The Schwenninger and Welton patent uses glass temperture sensing means in heat conducting relation to the ribbon through heat conducting elements that contact the moving glass ribbon along a portion of said ribbon that would be wasted anyway without causing damage to the optical properties of the glass sheets that are subsequently cut away from the ribbon, a factor that discouraged the use of glass contacting temperature sensing means in the past.
The Schwenninger and Welton patent provides means for detecting the temperature of the glass ribbon at a fixed distance adjacent each of the opposite longitudinal side edges thereof in the region where the ribbon cools through a critical temperature zone. The apparatus disclosed therein provides temperature sensing means disposed in heat-conducting relation with a surface of the ribbon and is supported by means that is in slidable relation with the ribbon surface.
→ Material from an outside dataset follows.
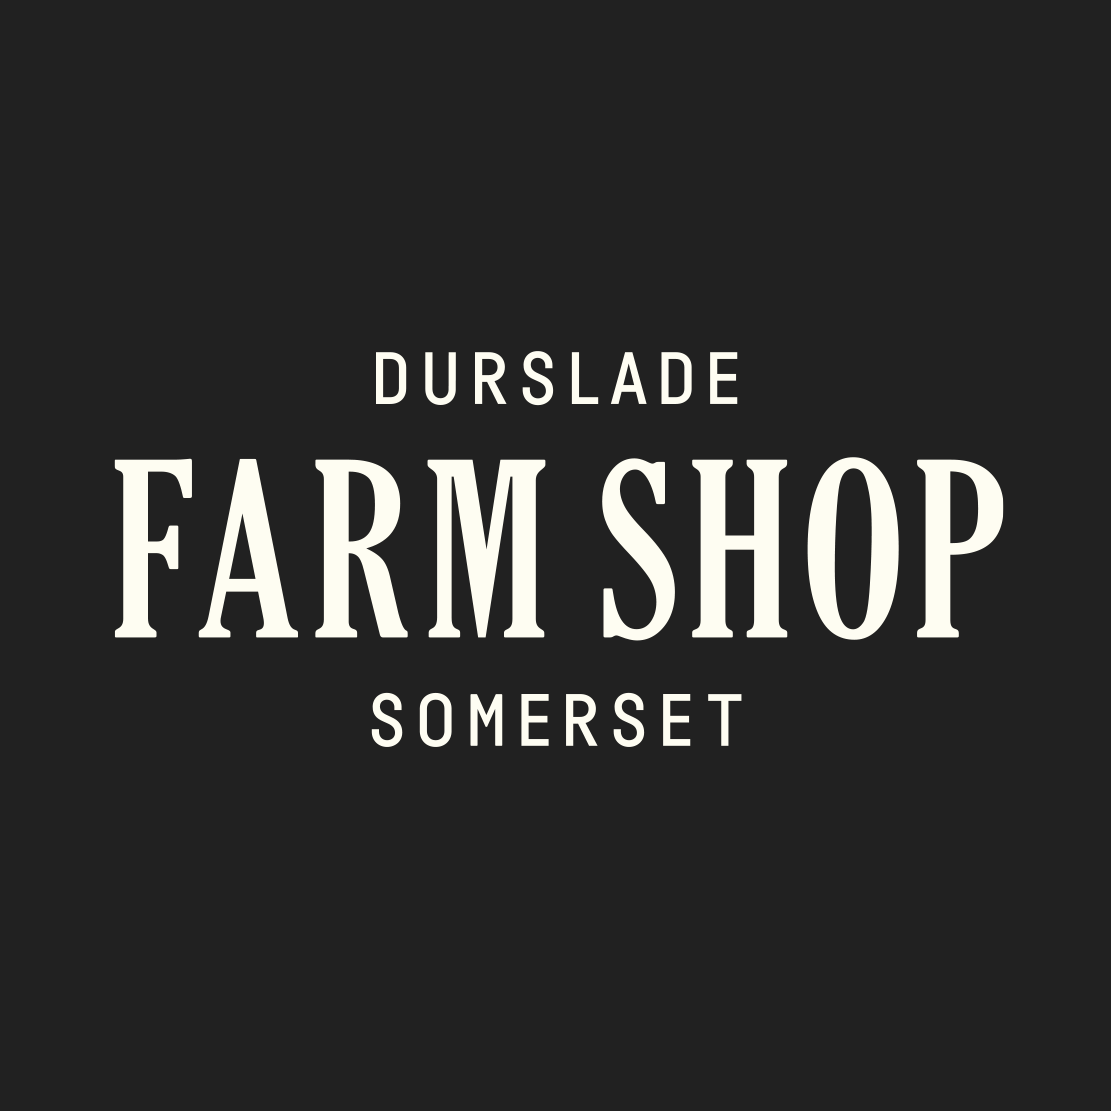 Durslade Farm Shop

While such sliding relation has been avoided in the past, the Schwenninger and Welton patent involves making such sliding contact along the edge portions of the ribbon that must be trimmed anyway, so that any surface marking resulting from such sliding contact does not harm the usable portion of the ribbon, yet the accurate temperature readings obtained can be correlated with the cooling rate of the usable portion of the ribbon.
The inventions disclosed in the prior art, despite the ability to avoid marring of the pristine surface of a newly formed glass ribbon has limited operators to either try to infer and control glass temperatures from data obtained from a combination of ambient air temperatures (via thermocouples above the glass), and tunnel temperatures (also via thermocouples), or measuring actual glass temperatures in regions other than the critical regions where it is necessary to know the exact glass temperatures with optical radiation pyrometers.
The first technique, using ambient and tunnel temperatures, provides at best only relative information concerning glass temperatures. With annealing dependent on such things as viscosity, which in turn relates to absolute temperatures in an exponential fashion, relative temperature measurements are less than ideal. Previously, temperatures at critical locations have been estimated by developing empirical relationships that define energy distribution, cooling air flows, etc., in terms of various parameters such as ribbon speeds, thickness, etc. This is a complex and cumbersome procedure that, at best, has uncontrolled parameters introducing variations in the annealing process that often go undetected until manifest in the finished product as undesirable stress profiles, poor cutting, or worse, cross breaks or splits. These in turn dictate another round of empirical adjustments that are time consuming to develop and still lack accuracy because they cannot possibly be adjusted promptly in response to changes in parameters of lehr atmosphere and glass characteristics that dictate such adjustments.
The development of sensitive optical radiation pyrometers was heralded a few years ago as the solution to the aforesaid annealing woes. Much time and effort have gone into programs at float glass production units to make them a viable tool. After working with them for several years, further improvements in accuracy of temperature measurements were still needed. At glass-annealing temperatures, with the necessary optical filtering, the output is so small that signal resolution and signal-to-noise ratios become major problems. Furthermore, in spite of the best efforts to control the annealing process based on temperature determinations, intolerable problems were met with signals signifying glass temperature drifting to such an extent that it was difficult, if not impossible, to determine absolute glass temperatures by the empirical methods developed in the prior art.